Downtown Long Beach officially has a reason to celebrate: The former Lupe’s space at 3rd Street and The Promenade, which has been shuttered since January of this year, has officially signed on a new tenant—and it’s from folks who have long been a staple in the DTLB scene.
Jay Krymis and Michel Verdi, husband-and-wife owners of Padre and Mezcalero in DTLB, will be taking on the space, filling a much needed hole at the Mosaic retail-restaurant-residential complex that watched both Lupe’s and its neighbor, Portuguese Bend Distilling, close, with the latter doing so in a dramatic fashion before filing for bankruptcy.
The pair have long been searching for a new home: With the announcement that the building which houses Padre and Mezcalero at 525 E. Broadway will eventually be demolished to make way for a residential development, their entire team has been teetering on when, exactly, the closure would come—leading them on their years long search.
“The space at Mosaic really was a serendipitous happening,” Krymis said, who mentioned he was fearful he would have to find a space outside of DLTB to move Padre—that is, if he was going to move Padre at all or go with an entirely new concept.

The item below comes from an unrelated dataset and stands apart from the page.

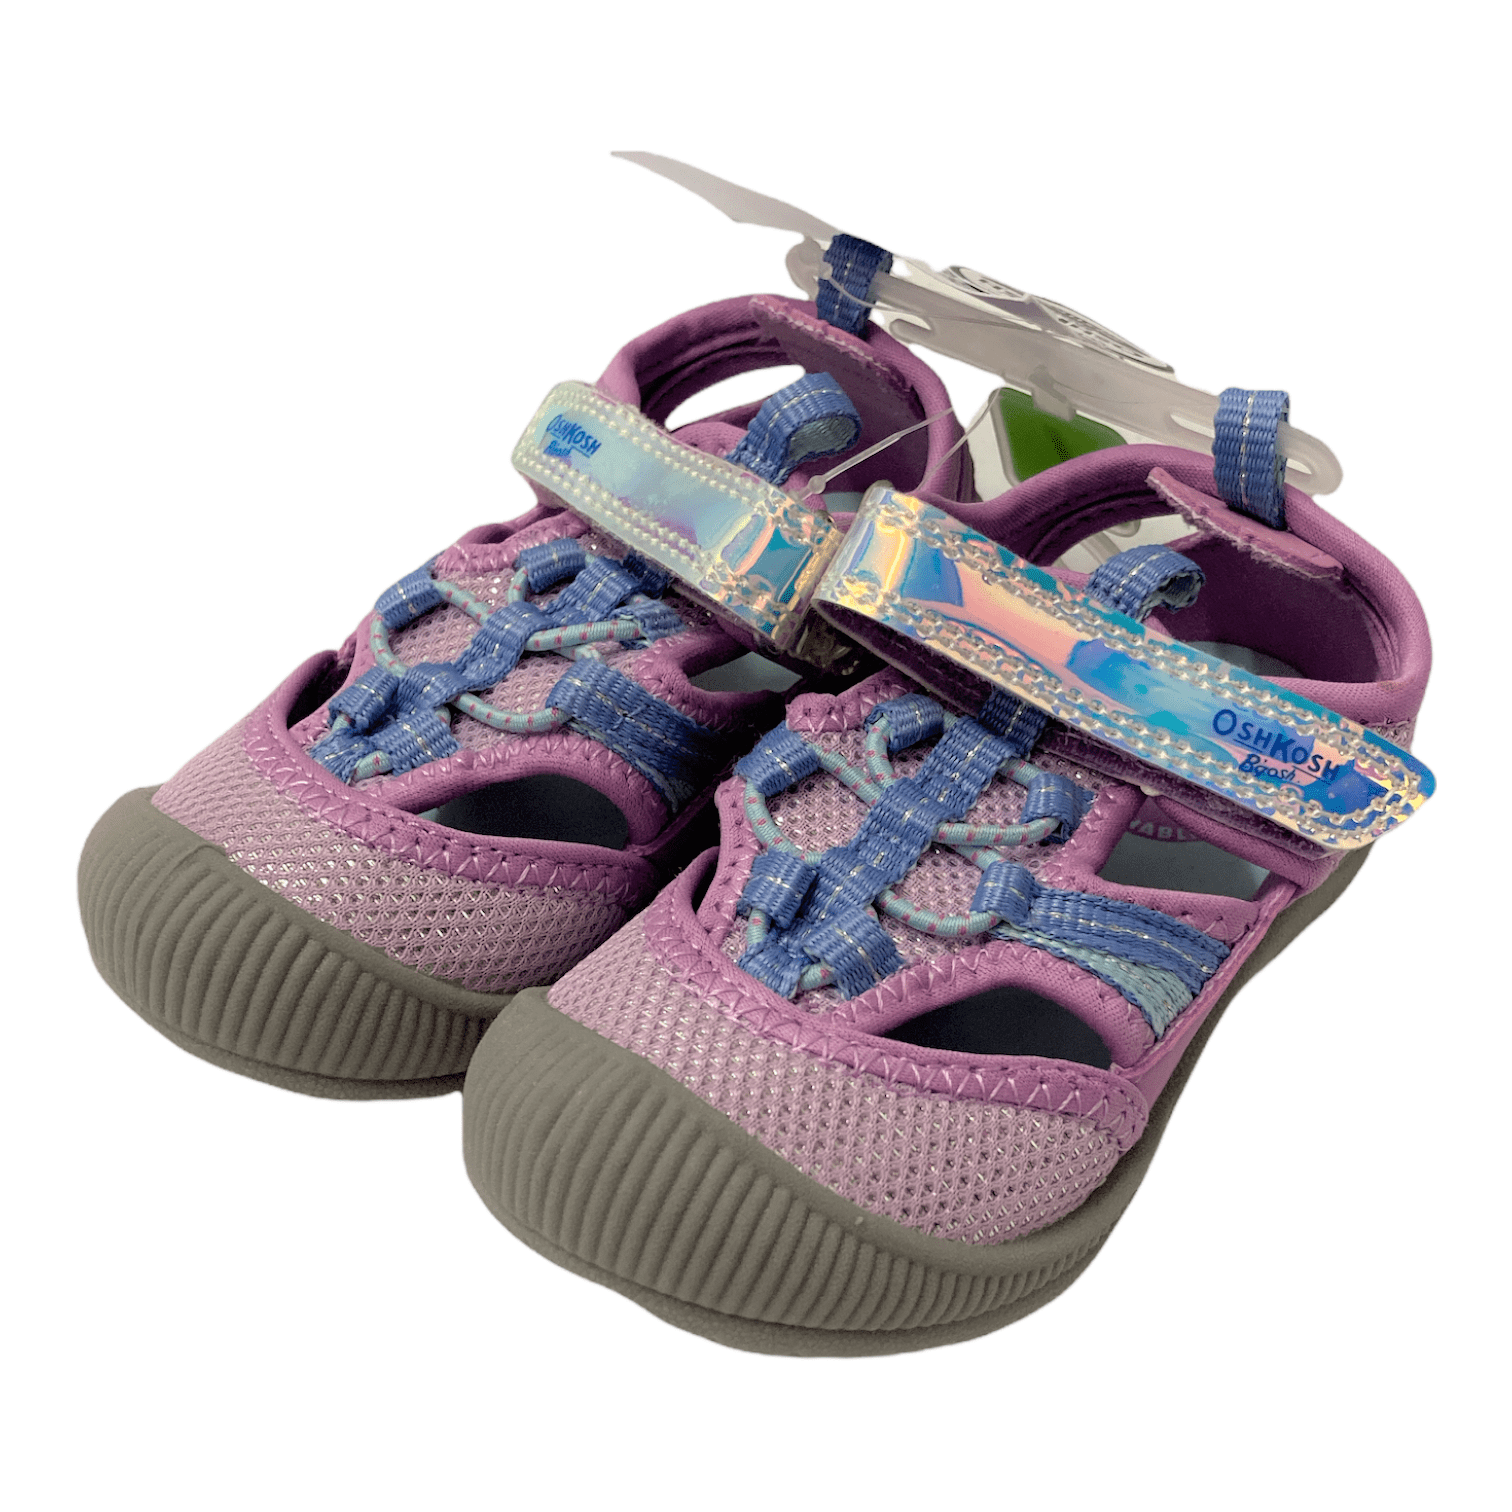 NEW Oshkosh B’gosh Machine Washable Girls Myla-G Shoes Periwinkle Choose Size

In the beautifully direct words of Verdi herself: “It’s a beautiful space where I can have a drink at the outside bar and feel a gust of wind blow across my ass. What is there not to love?”
“Me and the team are kinda divided on what we plan on doing,” Krymis said. “Padre is a strong name in Long Beach and it would make sense for us to simply move it for the brand recognition. But the space at Lupe’s itself is entirely different and we definitely want to alter the feel… We want the space to feel a bit more lived-in, a bit more warm, a bit more casual.”

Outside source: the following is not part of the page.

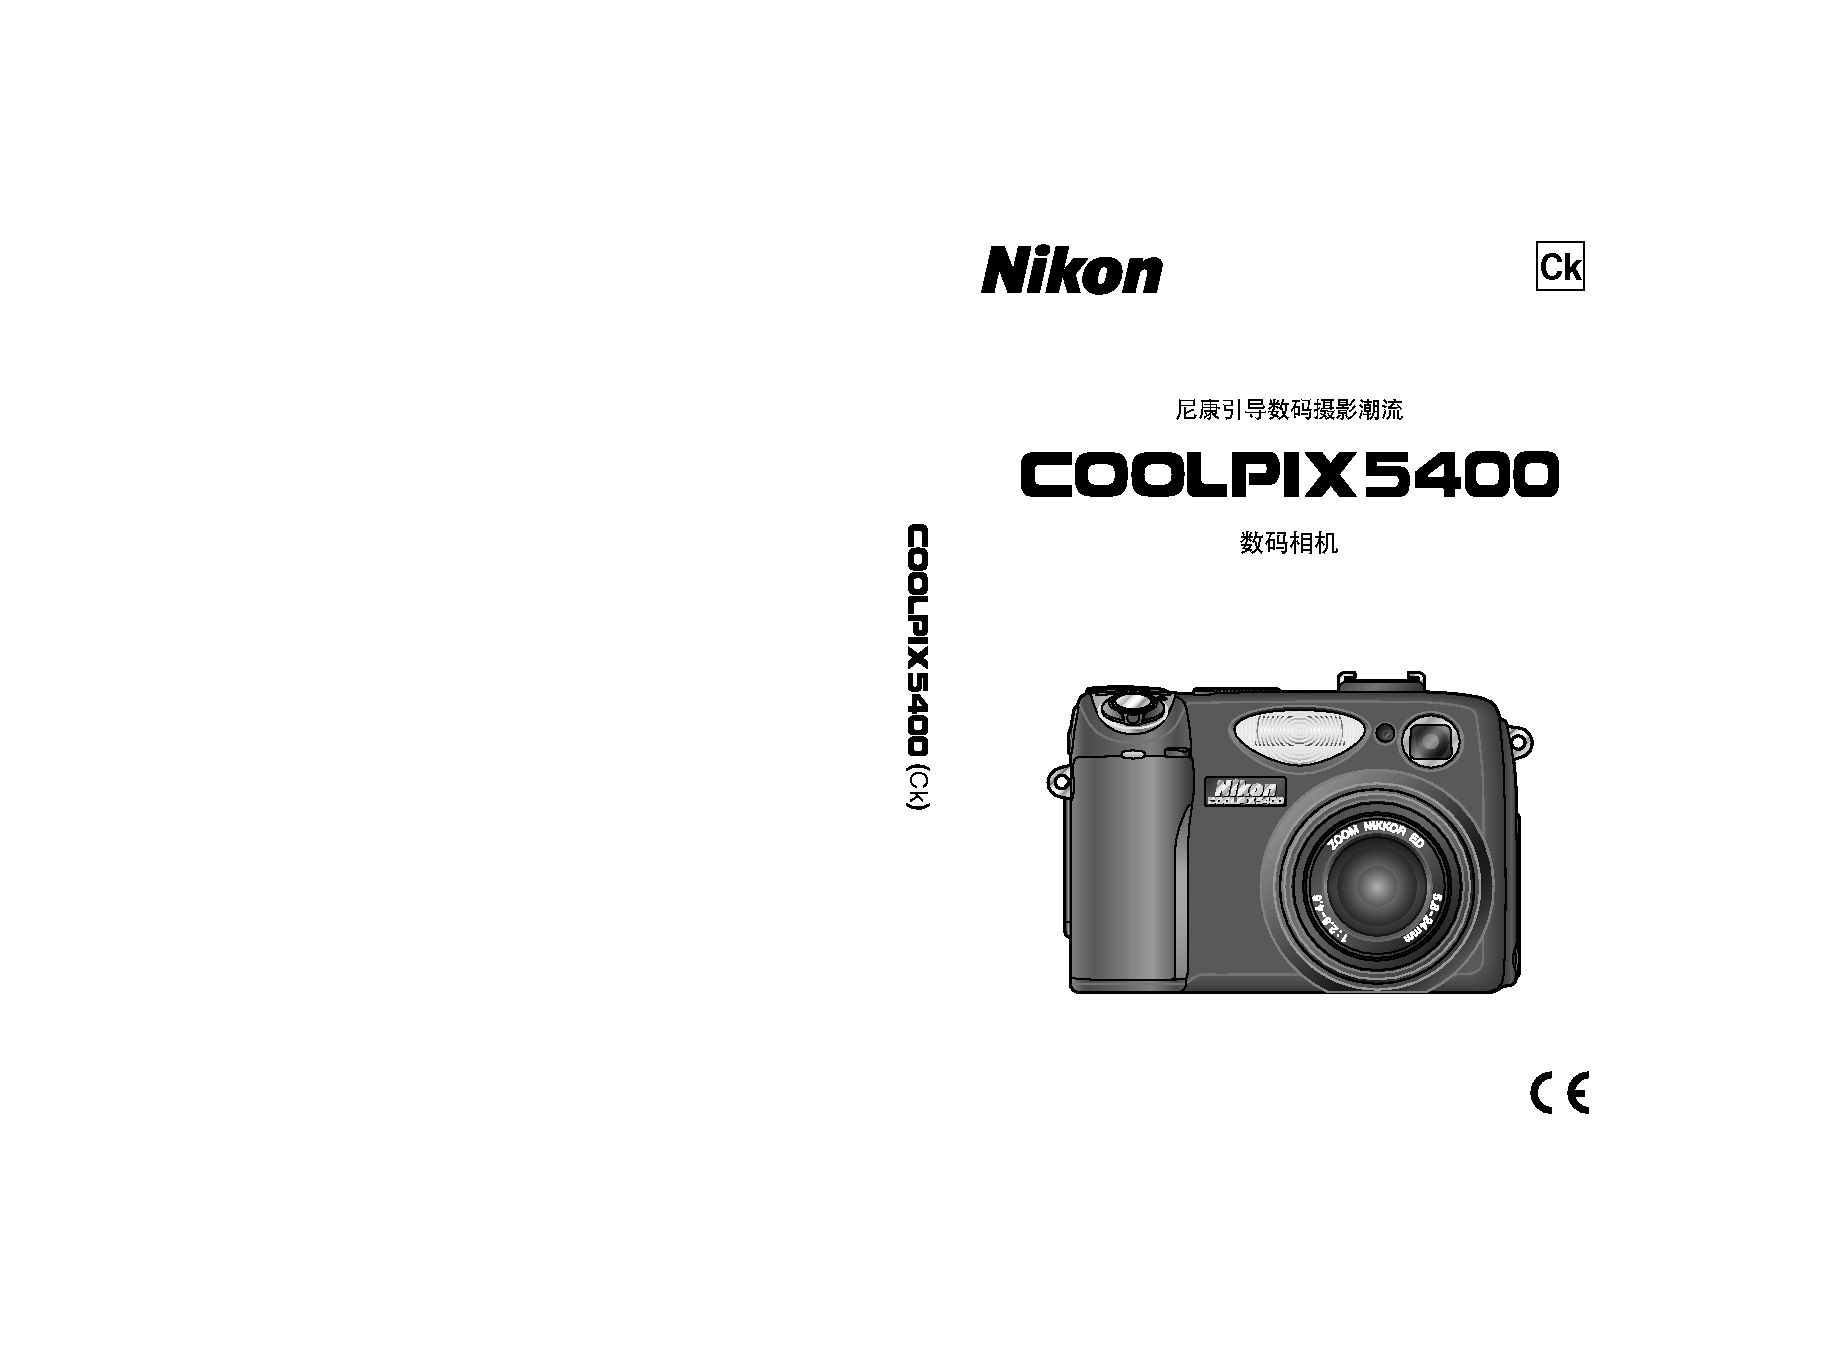 尼康 Nikon COOLPIX 5400 用户指南 封面

Krymis and his team are pretty certain of one thing: They aren’t aiming to lift an elevated restaurant from the dead in the space, insisting that DTLB needs places where someone visits multiple times a week rather once every few months—and in all frankness, he is right. Downtown is an essential cog for the entire city but both its neighborhood residents and citywide residents need to have more casual options where a bill for two won’t always been over $100.
“There should be a place in Downtown that has pitchers, that has shareables, that has an extensive happy hour—that’s a hangout more than an elevated space that is held off for special occasions,” Krymis said. “Not a club, not hyper-food-focused space; more like a neighborhood bar with good bites that you love coming to over and over.”
Jay and Michel are no strangers to this: The pair ran FUBAR—arguably West Hollywood’s most antithetical queer bar on Santa Monica to ever exist, eschewing the pretty’n’perfect for the raunchy’n’raw—for almost the entirety of their professional lives before formally closing its doors in the pandemic, only to open another queer joint down the street from FUBAR: Schmitty’s, though having just opened, feels like it’s been a part of Boystown for not just years but decades, where posters celebrating queer rights movements, artists like David Bowie and Cher, and adult coloring books line its walls and tables.
And that feel—something that exudes nostalgia, comfort, lived in-ness—is something DTLB could severely use as it rediscovers its identity post-pandemic.
“Ultimately, whether it’s called Padre or something else, we want it to be for the neighborhood—and for the good and the bad,” Krymis said. “The place you go to celebrate a promotion or the place you go to remember someone you lost. Those types of social spaces are important and essential—and we want to be a part of that.”
The future space will be located at 301 The Promenade N. and they are expected to be open by the end of the year.